[Opening Data extract section]

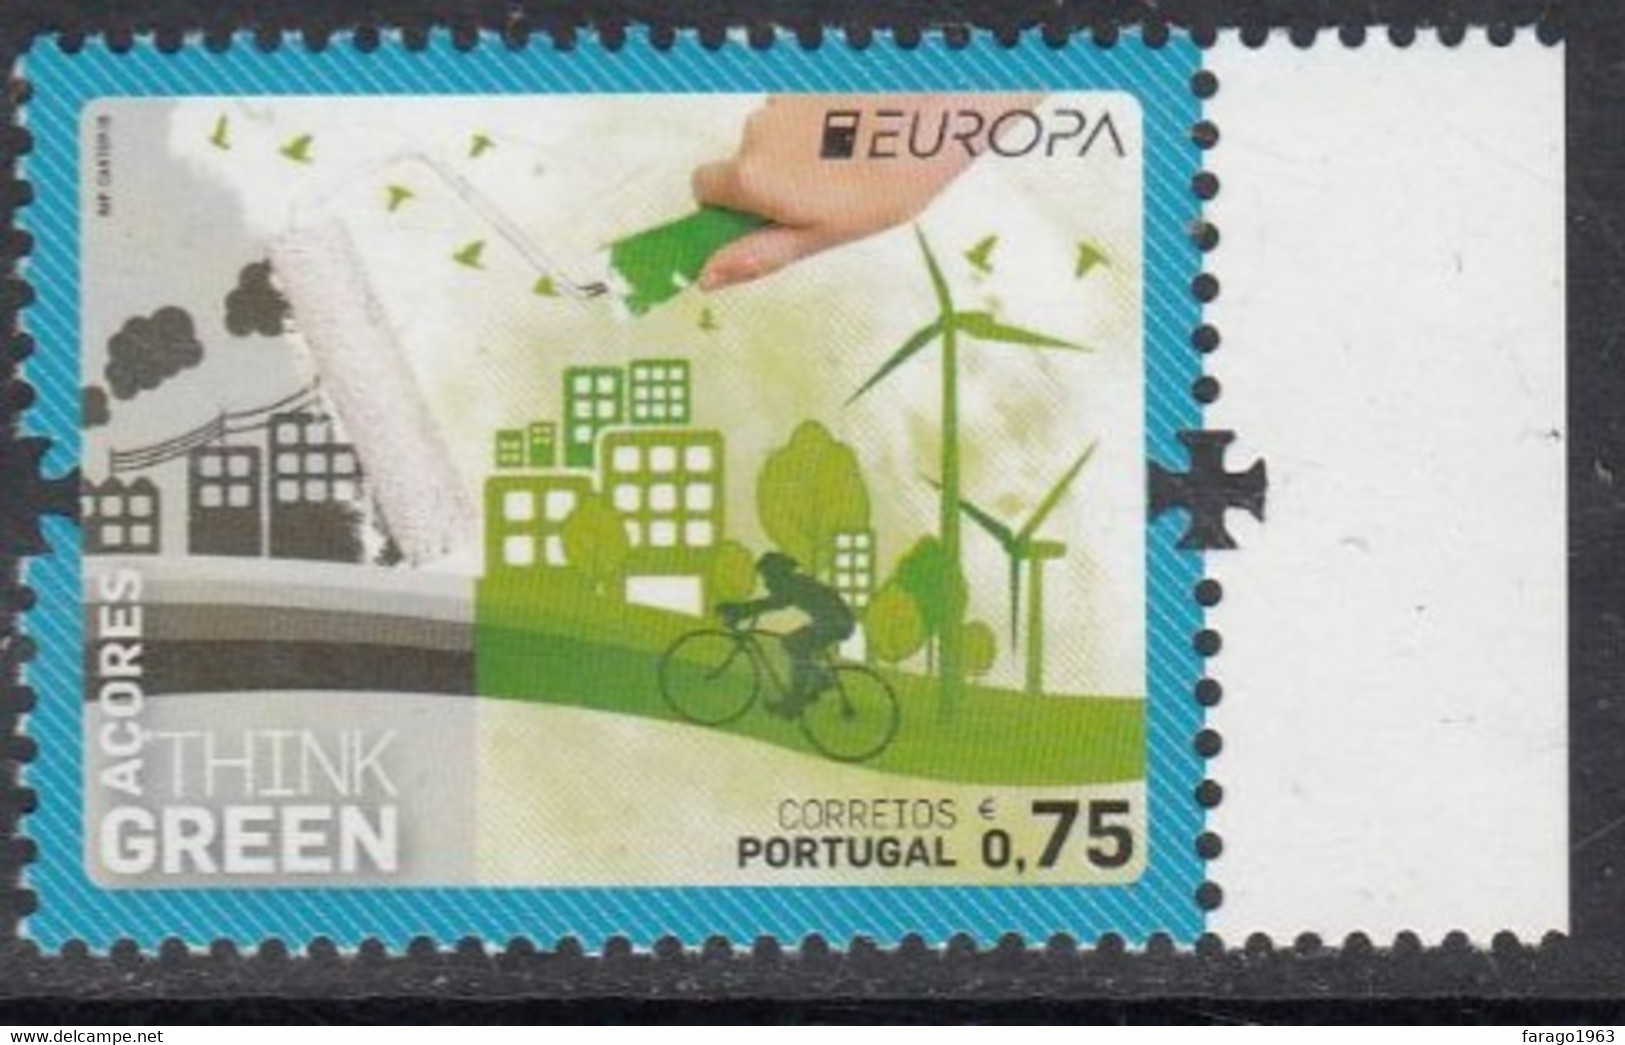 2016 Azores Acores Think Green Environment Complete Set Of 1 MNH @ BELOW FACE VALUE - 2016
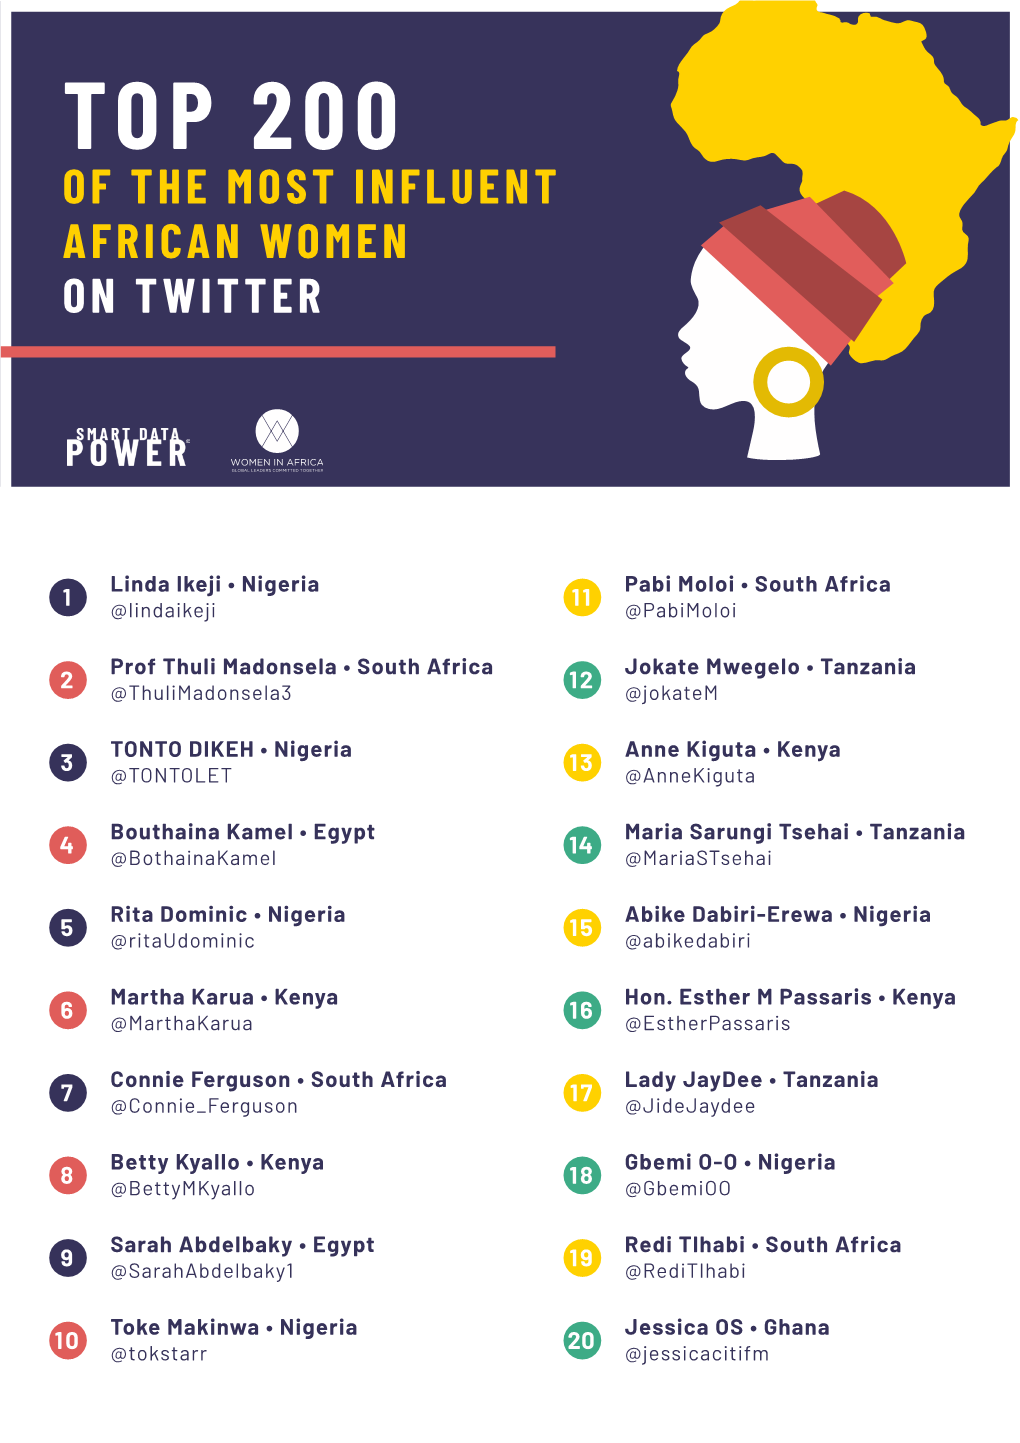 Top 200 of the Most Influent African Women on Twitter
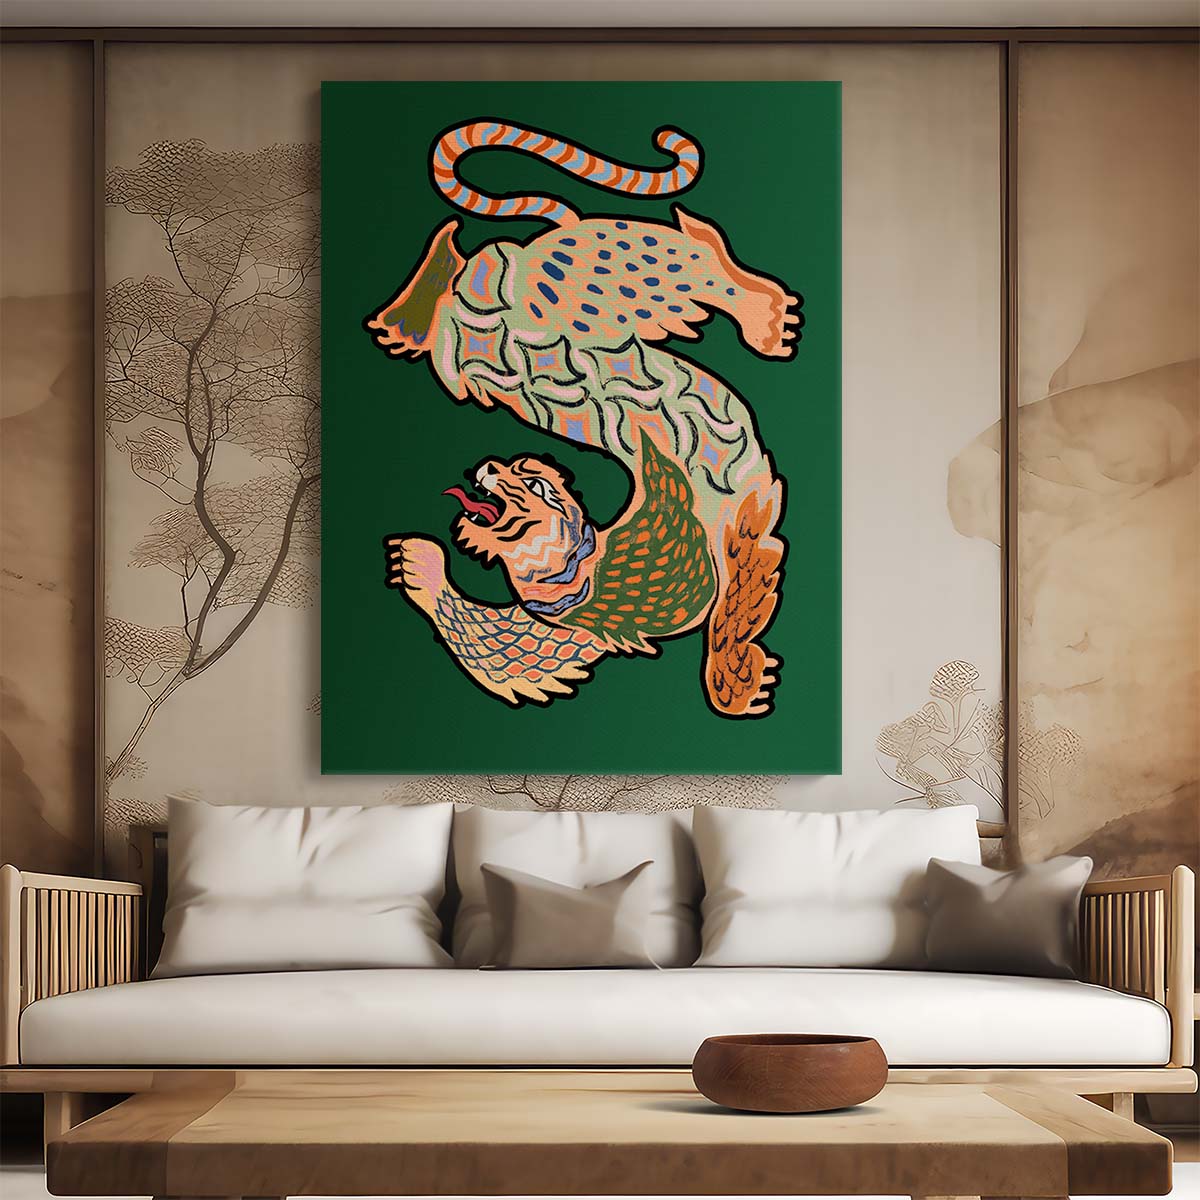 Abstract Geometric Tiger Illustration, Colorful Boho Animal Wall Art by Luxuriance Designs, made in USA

[Closing Data extract section]

> [Exercise] Output the data exactly as it appears. The pictures do not belong in it.

> [Solution to the problem]
 2016 Azores Acores Think Green Environment Complete Set Of 1 MNH @ BELOW FACE VALUE - 2016
 Top 200 of the Most Influent African Women on Twitter
 Abstract Geometric Tiger Illustration, Colorful Boho Animal Wall Art by Luxuriance Designs, made in USA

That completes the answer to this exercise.